Take the Guilt Out of Takeout

The Four Percent


LIKE MOST New Yorkers, Adam Farbiarz relies on restaurant takeout. But he doesn’t like all the packaging that comes with it.

Most of us simply sigh over the waste and move on. But in late 2019, Mr. Farbiarz and two partners launched DeliverZero, an online platform that lets customers order from restaurants that offer reusable containers, then return them to the delivery person the next time they order. The network began with five restaurants, all in Mr. Farbiarz’s Brooklyn neighborhood. A year later, the company had 120 restaurants throughout New York City and a backlog waiting to join.

DeliverZero is one of a number of startups that have set out to tackle restaurant waste. The boomlet is happening mostly in eco-conscious cities including San Francisco, Portland, Ore., and Durham, N.C. But Loop, a refillable packaging initiative from the recycling company TerraCycle, is launching pilots this year with chains such as McDonald’s in the U.K., Tim Hortons in Canada and Burger King in the U.S.

The efforts reflect a growing awareness among consumers about the problem of waste, in particular, plastics. According to the Overbrook Foundation, which supports organizations devoted to environmental conservation, 561 billion disposable items are used each year in the U.S. Meanwhile, the EPA reports that only 8.5% of plastic is recycled. And that was before the pandemic.

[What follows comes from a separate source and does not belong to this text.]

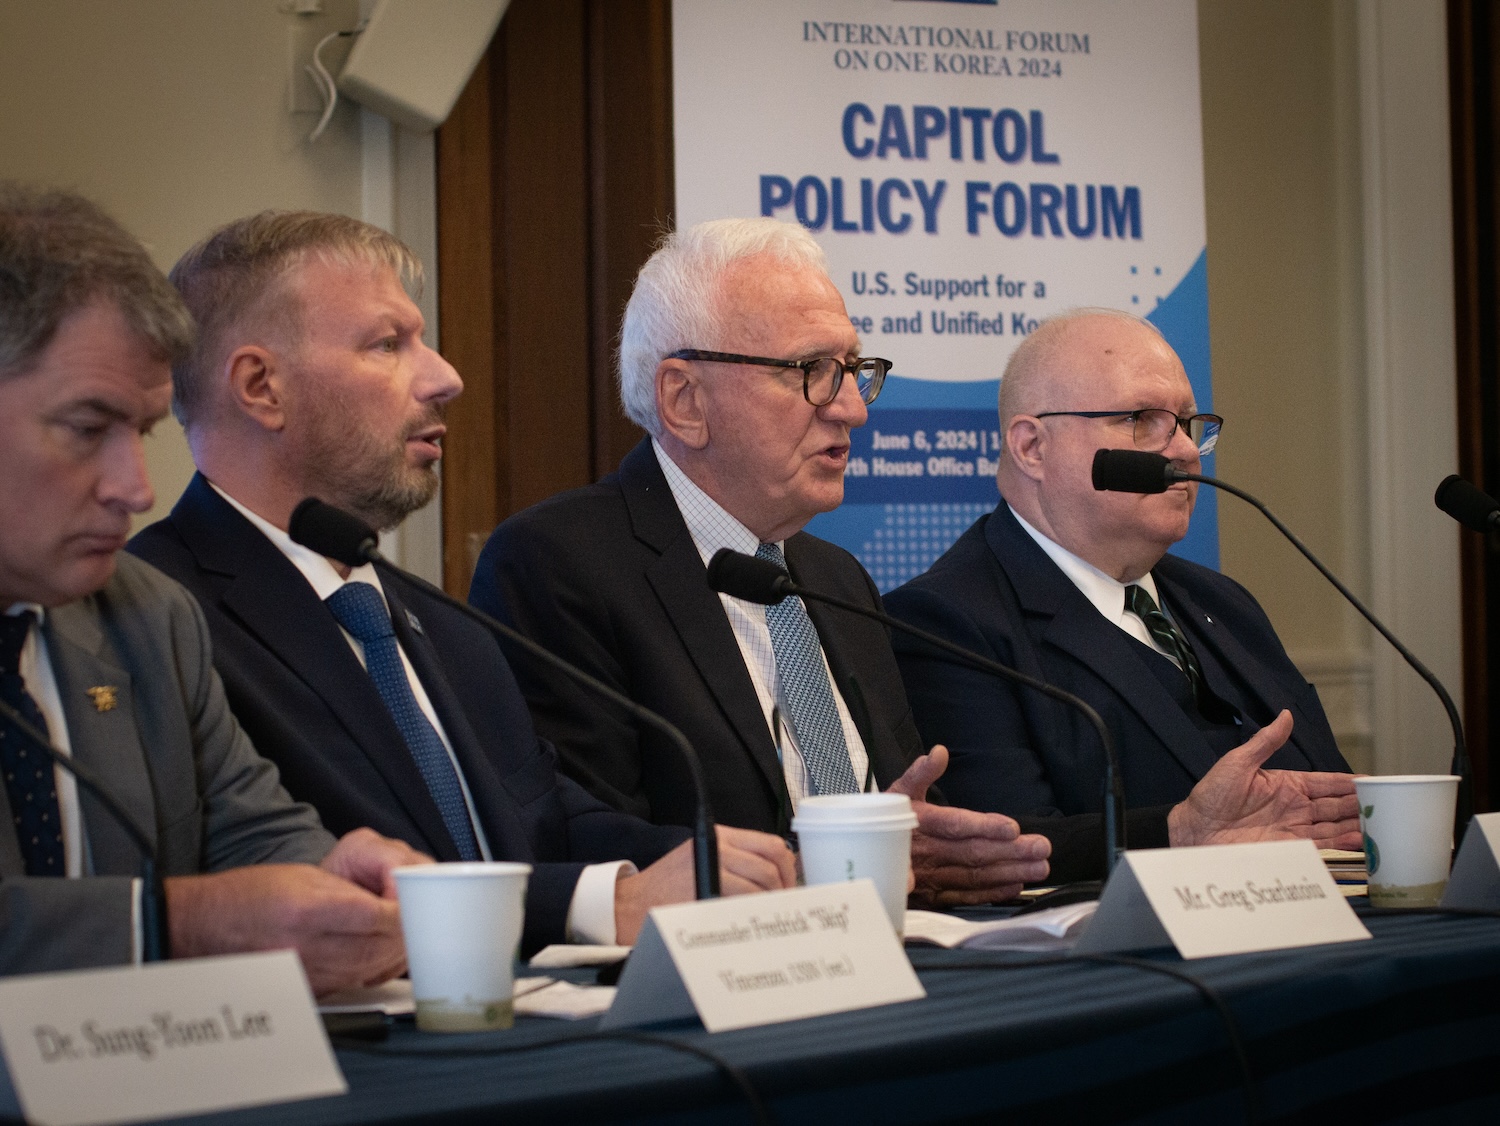 Four men in suits are seated at a table with microphones, papers, and coffee cups. Behind them is a banner for the "Capitol Policy Forum" focusing on U.S. support for a Unified Korea.

Stay-at-home orders—along with federal guidance to restaurants to use disposable plates and packaging—have only intensified the problem. Waste numbers for 2020 are not yet available, but the market for U.S. food delivery in 2020 is expected to add up to $44 billion, a nearly 42% jump over 2019. It’s a safe bet that millions of extra takeout containers have hit the trash. “The problem is so in your face,” Mr. Farbiarz said. “Every time you order, you get all this garbage.”